The Legendre Memory Unit (LMU) algorithm is a new alternative to LSTMs and Transformers with some key advantages, especially at the edge. NengoEdge makes it easy to build LMU models with any dataset and deploy those models anywhere. In this article, we'll show how easy it is to use NengoEdge to deploy a keyword detection model using LMUs on a general purpose Nvidia GPU.
The goal of our model will be to add voice controls to a device that moves along two dimensions, like a plotter. We want to be able to say what direction to move, and to be able to stop it when it reaches the desired location by saying "stop."
The first step is to set up your dataset. In NengoEdge, you can upload your own raw audio files, or use the SpeechCommands audio files that are available when you create your account. Raw audio files are used to make Datasets, which let you specify how to use those raw audio files in your machine learning pipeline.
If you're unsure of what a parameter does, hovering over it will display a tooltip with more information.
We recommend doing at least one shorter test run to make sure that your longer run will yield good results. If you're using your own raw audio files, you may need several test runs to find a good set of parameters.
Training time can get expensive, so shorter test runs save money in the long run. You can reuse the weights from the short run as the starting point for longer runs, so there's no downside to a test run.
These parameter will result in a run that finishes in around an hour, and will give more feedback on performance in these early training stages.
The Progress tab gives you a rough idea of whether your test run is successful.
In this case, our loss is going down steadily, and the validation accuracy reaches a good level, so we will consider this a successful test run.
With the built in SpeechCommands v2 dataset, we expect performance to be very good using default run parameters. However, using your own dataset may require parameter tweaking.
If this wasn't the case, we can look at the Results tab to see where the model is underperforming to guide future test runs.
The confusion matrix can identify specific labels (words) that are not being classified well, which can help direct data collection when using your own dataset. General accuracy metrics can help you identify other issues. Experiment with the run parameters to see how each parameter affects performance metrics if your accuracy numbers are too low.
Once you are satisfied with your test run, create a new run to train to convergence.
These parameter will result in a run that finishes in several hours, and will give coarse feedback compared to the test runs.

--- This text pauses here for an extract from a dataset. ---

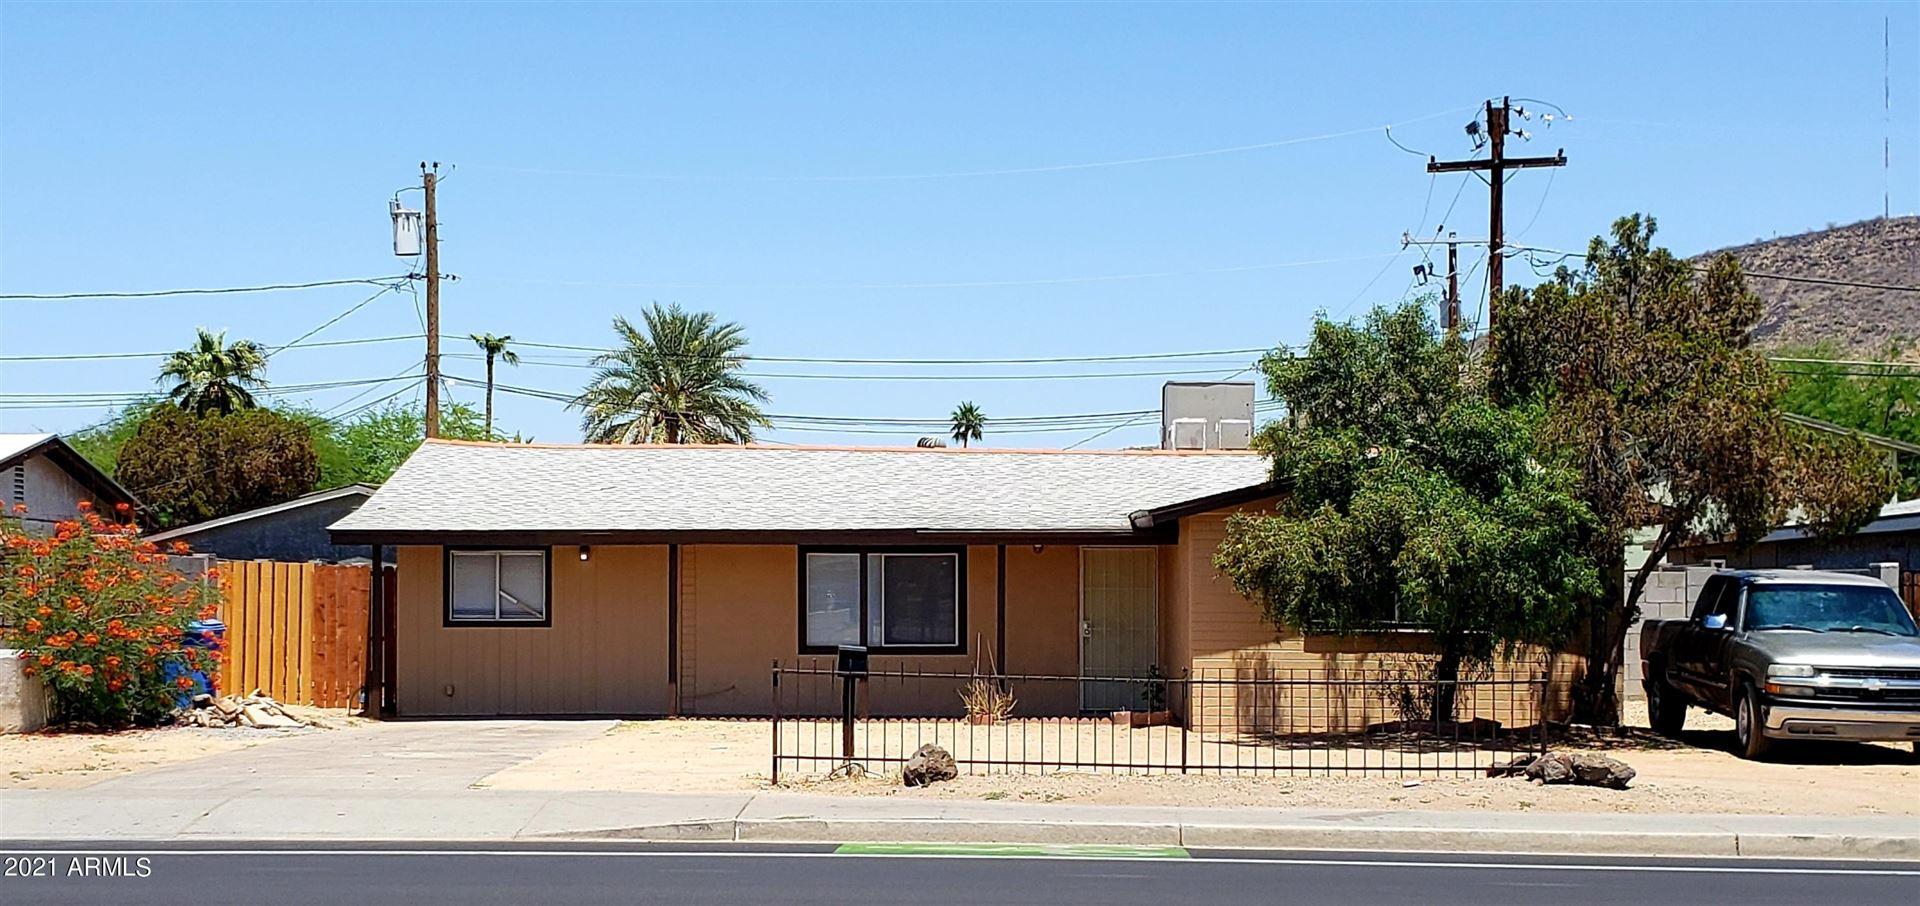 1812 W Peoria Avenue, Phoenix, AZ 85029 - MLS#: 6235630

You will see on the Progress page that initial performance will start around where the test run finished off. By the end of the optimization process, performance should be even better. In our case, we started at 93.94% accuracy and finished at 97.85% accuracy.
If you want to deploy this model to an edge device, you can stop here and go to the tutorial for your target device.
Your model is now ready to be deployed to your environment and used either by itself or as part of a larger system. Steps for integration will depend on your setup, but here we will show how to do a simple deployment using NengoEdge tools and the SavedModel format.
NengoEdge tools is a Python package that assists in taking a trained model exported from NengoEdge and deploying it in your own application. We will use it to deploy the model we trained, which we will export in SavedModel format.
After running each cell in the notebook, you should see the message "Press Enter to quit," at which point you can speak into your microphone to see your model classify keywords in real time.